This systematic review of randomized clinical trials was undertaken to determine whether hyperoncotic albumin consistently differs from control regimens in its effects upon clinically relevant endpoints such as morbidity, major organ function, length of stay and cost of care in acutely ill patients. Such endpoints are often not defined, assessed and reported in a consistent and standardized manner, so qualitative summarization is more appropriate than quantitative combination of results across trials. A secondary objective was to evaluate the effect of hyperoncotic albumin on survival by quantitative meta-analysis.

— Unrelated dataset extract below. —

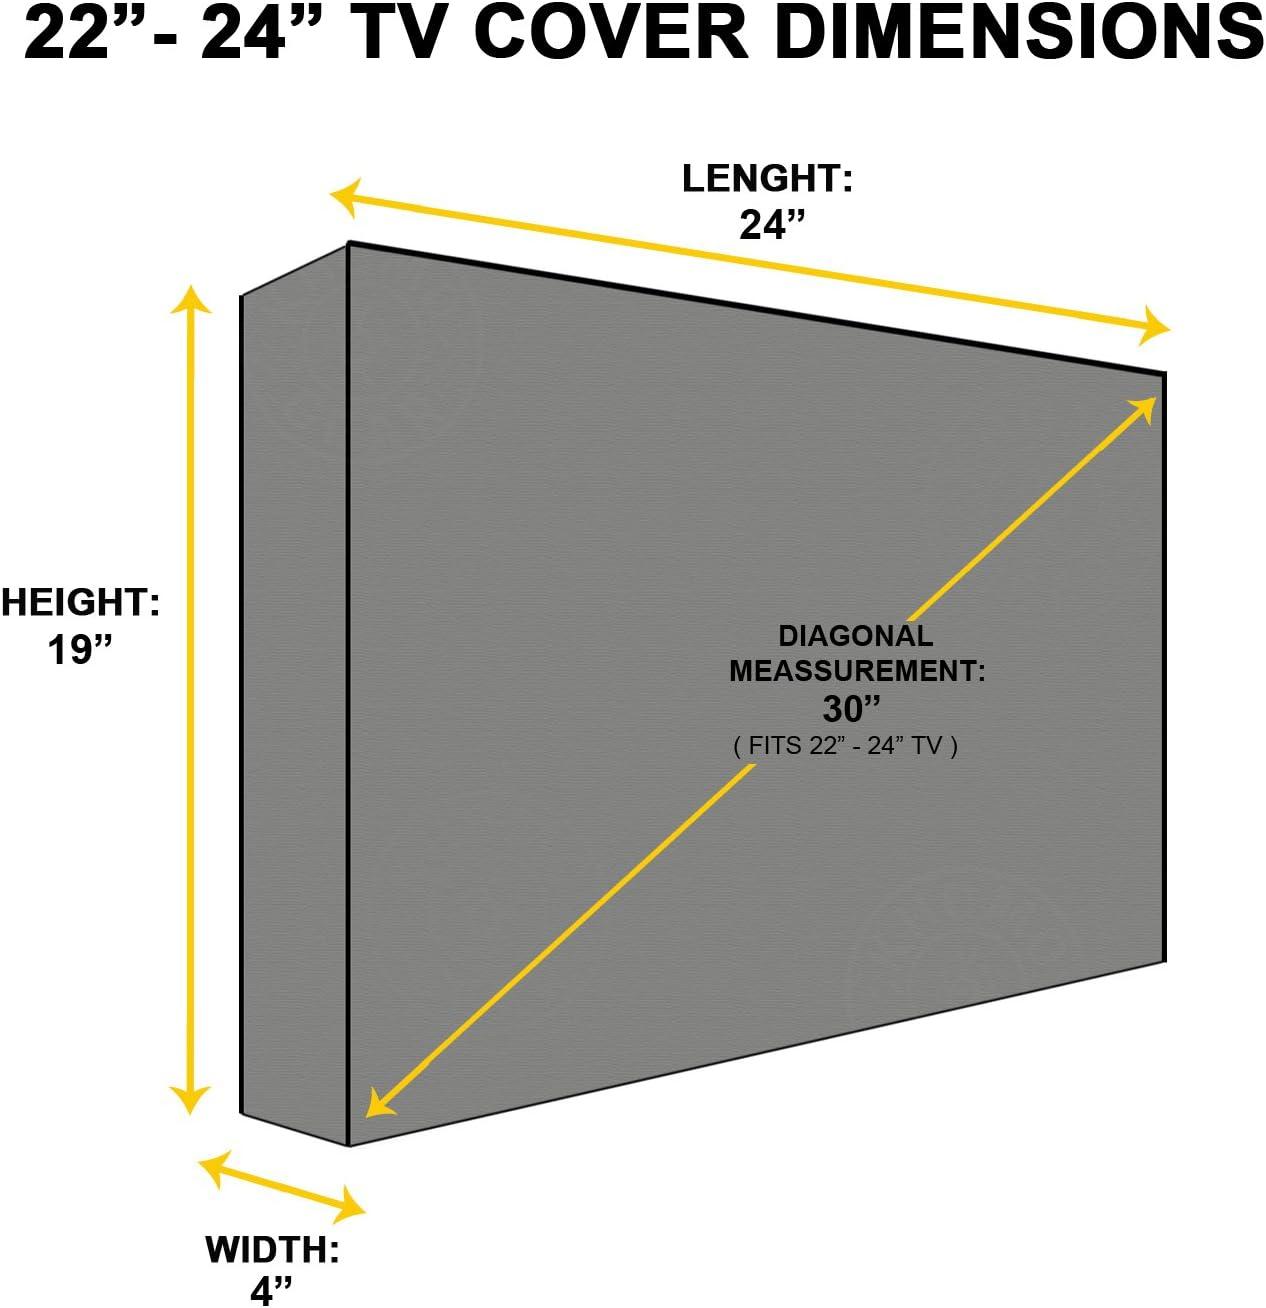 Protector TV Exterior Universal Funda para Televisor de 20-24 LCD Beige 24 Resistente al Agua /ó PLASMA LED Protector de Pantalla Compatible con Soportes de Mesa y Pared

All randomized clinical trials comparing hyperoncotic albumin with a control regimen for volume expansion in acutely ill patients were eligible for inclusion. Both parallel-group and crossover study designs were acceptable. Randomized trials focusing on other uses of albumin such as treatment of hyperbilirubinemia, extracorporeal albumin dialysis or prevention of ovarian hyperstimulation syndrome were excluded. Also excluded were randomized trials of albumin as an adjunct to paracentesis or for correction of hypoalbuminemia, both of which have been evaluated in previous systematic reviews 2829.

Randomized clinical trials fulfilling the inclusion criteria for the systematic review were identified by multiple methods, including computer searches of the Medline and EMBASE bibliographic databases and the Cochrane Library. Search terms included hyperoncotic albumin, resuscitation, hypovolemia, surgery, trauma, sepsis, liver diseases, intensive care, neonatal, brain injuries, nephrotic syndrome and randomized controlled trials. Studies were also sought through examination of reference lists and manual searching of Index Medicus and specialty journals. No restrictions on time period or language of publication were applied.

Data on numbers of patients randomized, clinical indication, hyperoncotic albumin and control regimen, major findings and deaths were extracted from the randomized clinical trial reports and used to populate a relational database. The participating investigators, time periods and study subject characteristics were closely examined to avoid inclusion of duplicate datasets appearing in multiple publications and to ensure the most complete possible dataset. Deaths were recorded on an intent-to-treat basis. Unpublished survival data and clarification regarding study design features were sought as needed via direct inquiries with the randomized trial investigators.

Trial quality was evaluated by the criteria of blinding and allocation concealment. On the basis of the procedures employed in the study, allocation concealment was classified as adequate, inadequate or unclear 32.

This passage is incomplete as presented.